The Great Outdoors has always called to me. It’s a place, a feeling, a time, a being in itself.
To some, it’s a constant pull, drawing us in. Pushing us to new peaks, down old ravines, and across plains and fields. This weekend hiking on Lantau Island was some of this and more. Time to think and feel the outdoors again was something sorely missed in a city so full of buildings and buses.
In a way, that’s the beauty of Hong Kong. The pier 6 ferry in Central will take you to Mui Wo. A short twenty minutes ferry ride and you’re out of the city. The village of Mui Wo is a simple collection of houses and restaurants on a beautiful beach. Residents cycle around on little cart and footpaths, navigating by little signposts pointing to the major local landmarks. It’s a simple place, with an old silver mine, a beach, a temple, and, of course, a ferry pier. You’ll quickly feel outside Hong Kong, in a good way.
From the pier, there are two routes to the start of the trail. On my way to Sunset peak, I took the road, but there’s a second trail, Old Village trail, that’s more scenic, which I took on my way back. Bring a map to navigate both, as the signage isn’t the easiest to follow and can leave hikers a confused.
The first section of trail to Nam Shan is quite easy. A steady uphill climb that’ll get your blood flowing, plus the excitement of seeing cyclists flying downhill if you take the road. Nam Shan has a picnic area with a restroom and makes a good first rest point.

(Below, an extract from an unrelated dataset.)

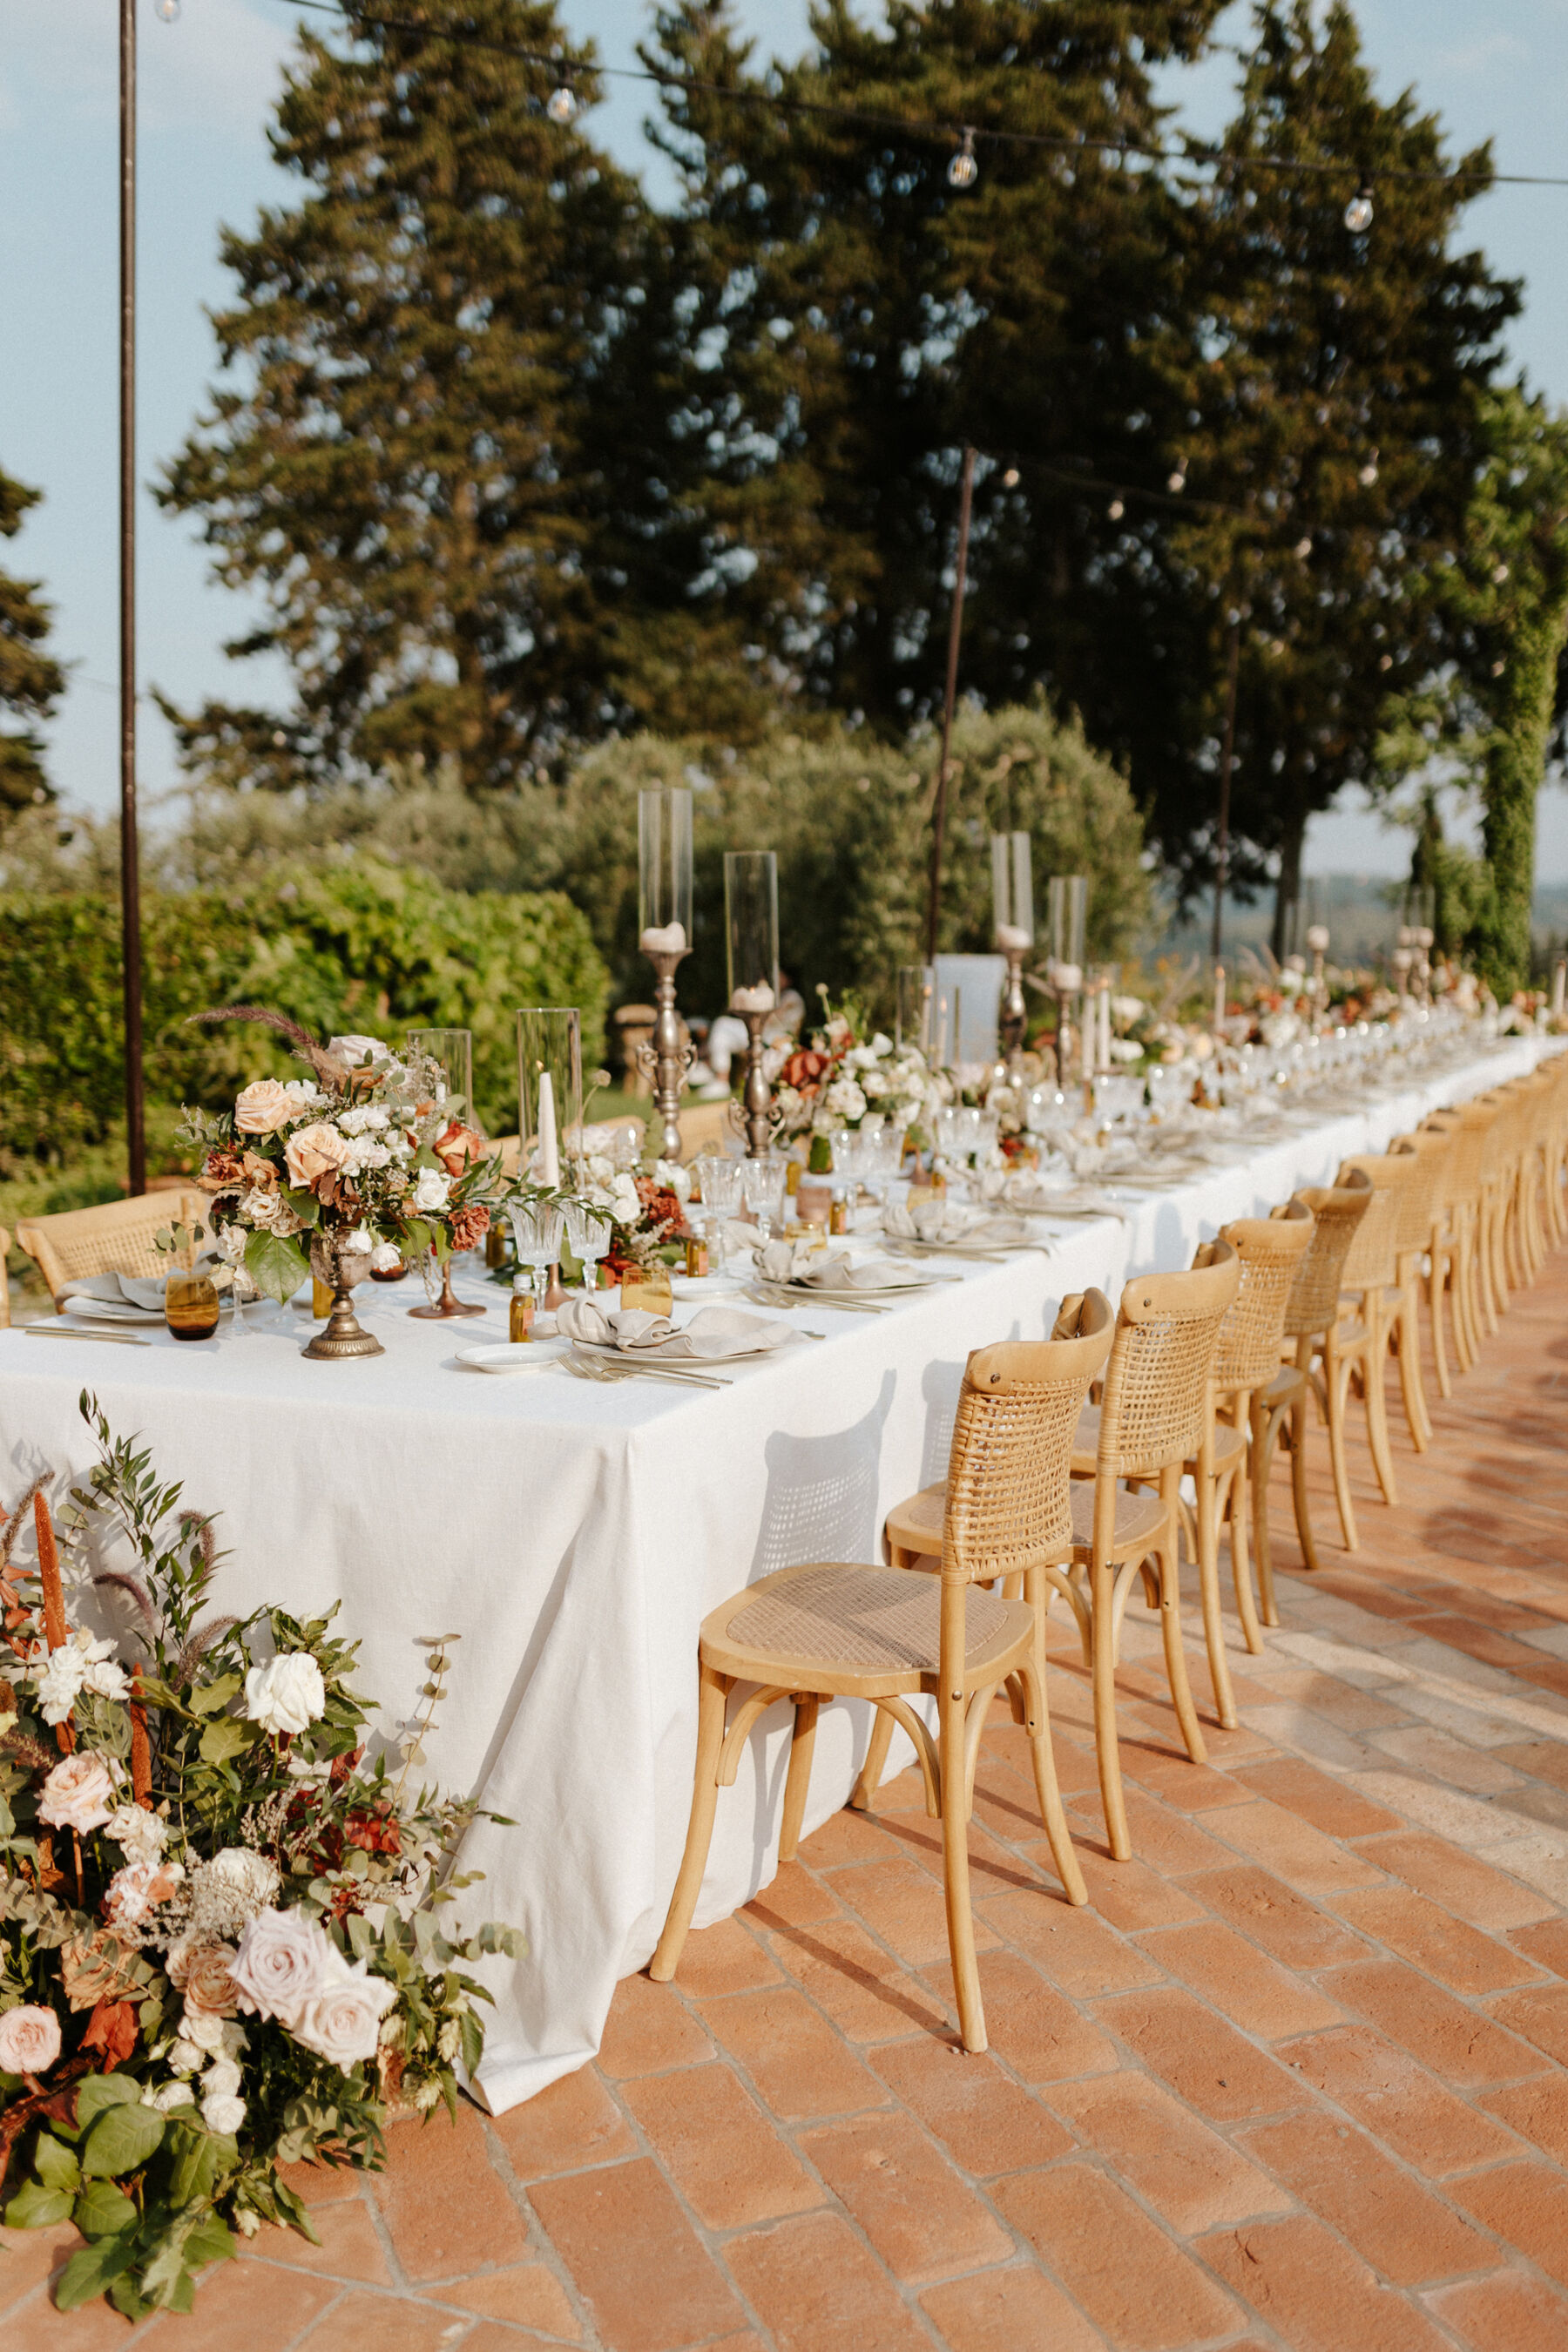 Outdoor wedding reception table setup - wedding in Italy. Wooden chairs surrounding a long table that has colourful summer floral decor in the centre and crisp white table cloths.

The picnic area funnels into a “tree walk”, that’s also the trail to Sunset Peak. Walking through the trees, shaded by the large branches, makes for a great start of the trail.
The steps continue through the trees, providing hikers with semi-obstructed views of Mui Wo and the Outlying Islands. After about an hour, you’re rewarded by breaking through the tree line, and reaching the grassy mountain tops.

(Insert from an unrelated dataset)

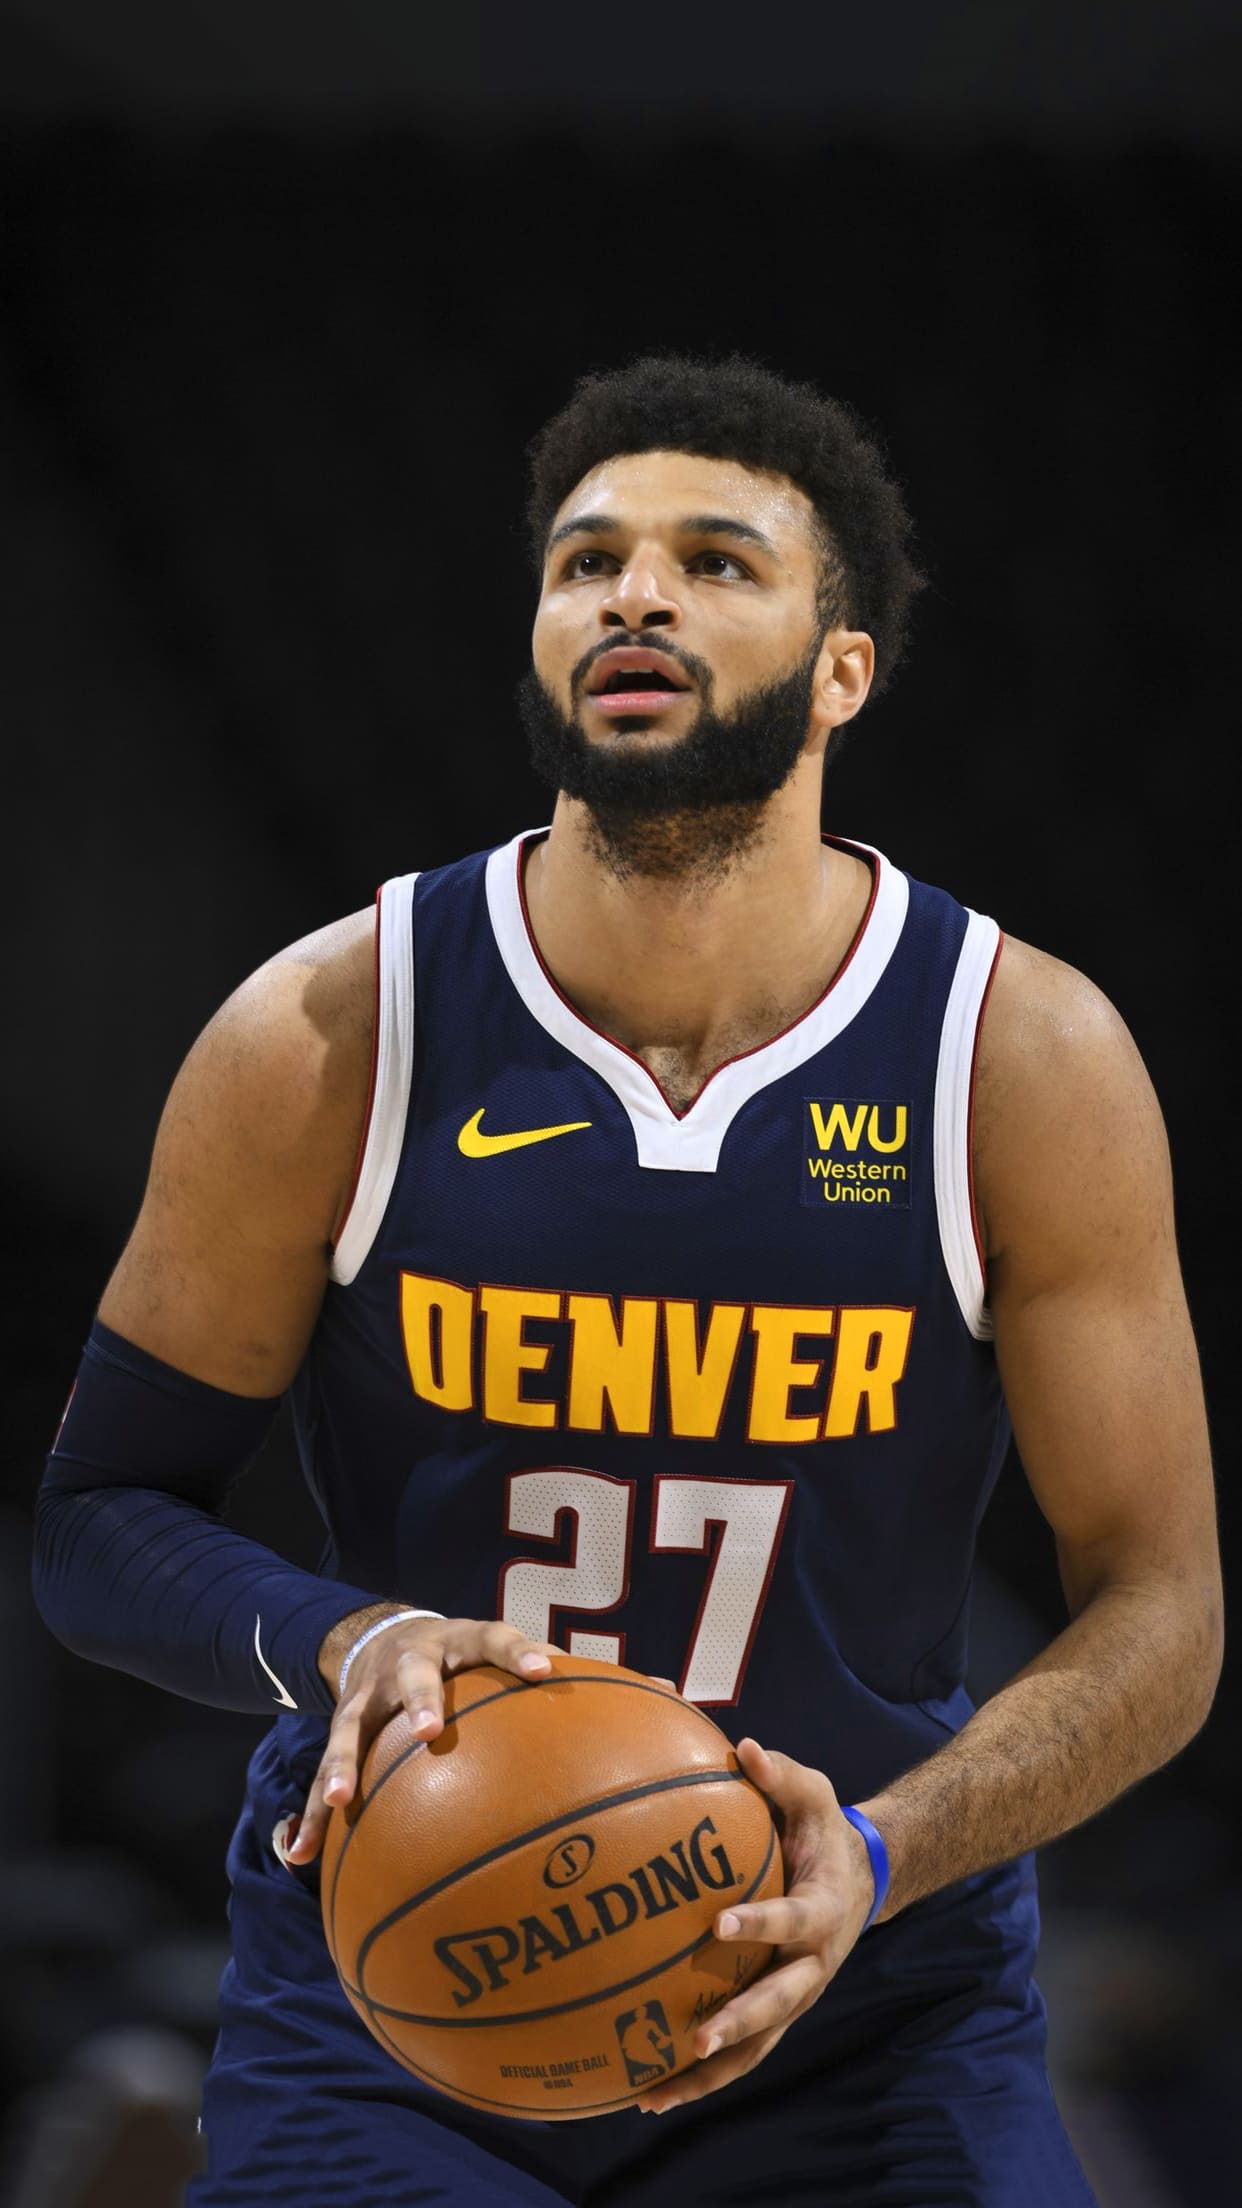 Denver Nuggets on Twitter New wallpapers who dis  WallpaperWednesdays  httpstcoHTh5ymBZJm  Twitter

The east side of Lantau wasn’t as rewarding as crossing the ridge to the west side, where the sun and breeze opened up, providing incredible and relaxing views. When I reached the top, there were noticeably more crowds, originating from Tung Chung, a nice shortcut to the peak. Overall, I didn’t mind their presence but did miss the serenity of being alone on the way up.
Sitting on the rock ledge, enjoying the view of the Outlying Islands, Lantau Peak, and Big Buddha, I laughed a little to myself, as I spent nearly two minutes there, then was ready to descend. So often we go to visit a place, hike a trail, or accomplish a feat and when it’s done, we’re moving on to the next thing. Hardly do we sit, relax, and enjoy the accomplishment, as it was the journey and effort we truly relished. I find this especially true for hiking, where you’re accomplishment is an incredible and stunning view. Yet I can’t seem to enjoy it in that moment, only afterwards.
I can only conclude that I’m a journey person. Meant to take the road less travelled, regardless of the effort, and apparently regardless of the destination. It’s always a plus when there are great views, though.
Note: The hike took just over three hours and was semi-strenuous (and I consider myself in good shape). It was obviously worth it, as I think I’ll be back next weekend.